Failure modes worth recognising
- "command not found: mac-cli" → not installed, or installed under
~/.local/bin which isn't on $PATH. Check ls ~/.local/bin/mac-cli and PATH.
- A
clop invocation reports a missing tool → the corresponding brew formula isn't installed; install it and retry (see the toolchain list above).
shot produces no file → Screen Recording permission not granted. Walk the user to System Settings → Privacy & Security → Screen Recording.
clean maintenance --dns fails → needs sudo; if the user is in a non-interactive shell with no sudoers entry, surface that clearly rather than retrying.

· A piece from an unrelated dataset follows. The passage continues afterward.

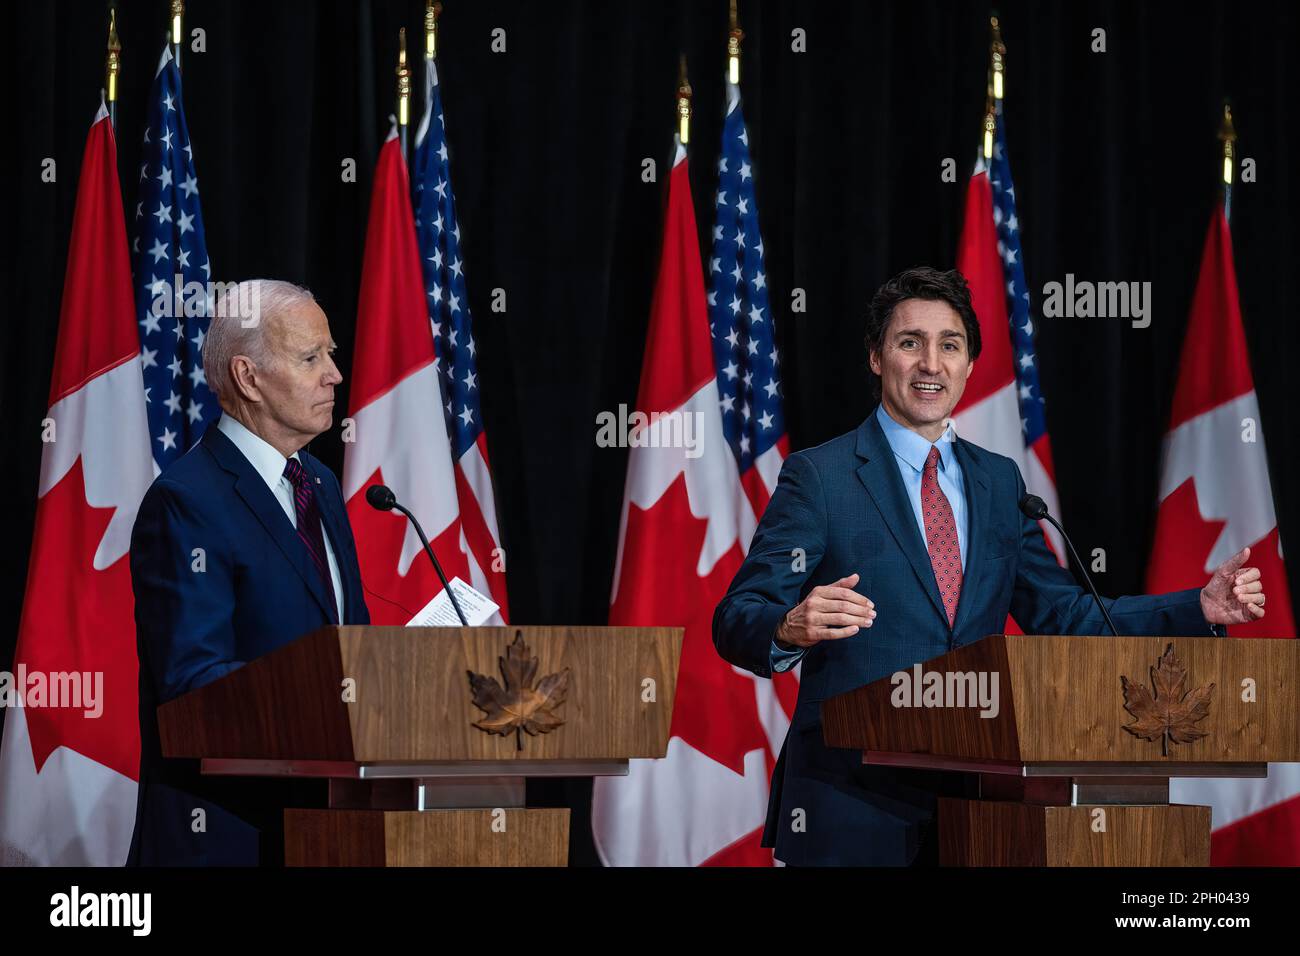 Ottawa, Canada. 24th Mar, 2023. Canadian Prime Minister Justin Trudeau speaks during a joint press conference with U.S. President Joe Biden at the Sir John A. Macdonald Building in Ottawa. This is the first official visit that the American president has made to Canada since becoming president. Though visits between elected presidents and the allied country typically take place sooner, Biden's inaugural visit to the northern neighbor was delayed due to COVID-19 travel restrictions. Credit: SOPA Images Limited/Alamy Live News Stock Photo

clean prints "interactive cleanup needs a terminal" and exits → expected: the destructive scan→clean flows (clean, clean interactive, clean deep) refuse without a TTY. Hand the command to the user; use clean insights/categories to advise.
clean … ✓ 0 B freed with refused (path not safe) lines → the path sits outside $HOME or in a protected system location (/System, /Applications, …). This is the allowlist, not a permission issue — sudo won't change it. (In-$HOME caches, large files, and duplicates are not refused on current builds.)
clean … system error: /private/var/folders/… → those temp dirs are in use by running processes; even root can't delete them mid-session. Harmless; they clear when the owning app quits.
- Hangs forever with no output → an interactive prompt waiting on a TTY. On current builds this is
shot (bare) or a clop brew-install prompt — not clean (which refuses) or clean monitor (which snapshots). Kill the process, switch to the flagged form.
Things this skill does not do
- Run on Intel Macs (the binary is
darwin-arm64 only).
- Process PDFs through
clop (planned, currently skipped).
- Drive the destructive picker flows (
clean, clean interactive, clean deep) or shot's app picker — they need a TTY. Use the non-interactive subcommands (insights, monitor --json, categories, uninstall --dry-run, …), or hand the command back to the user.
- Strip language/localization files from apps — that category was removed (breaks code signatures).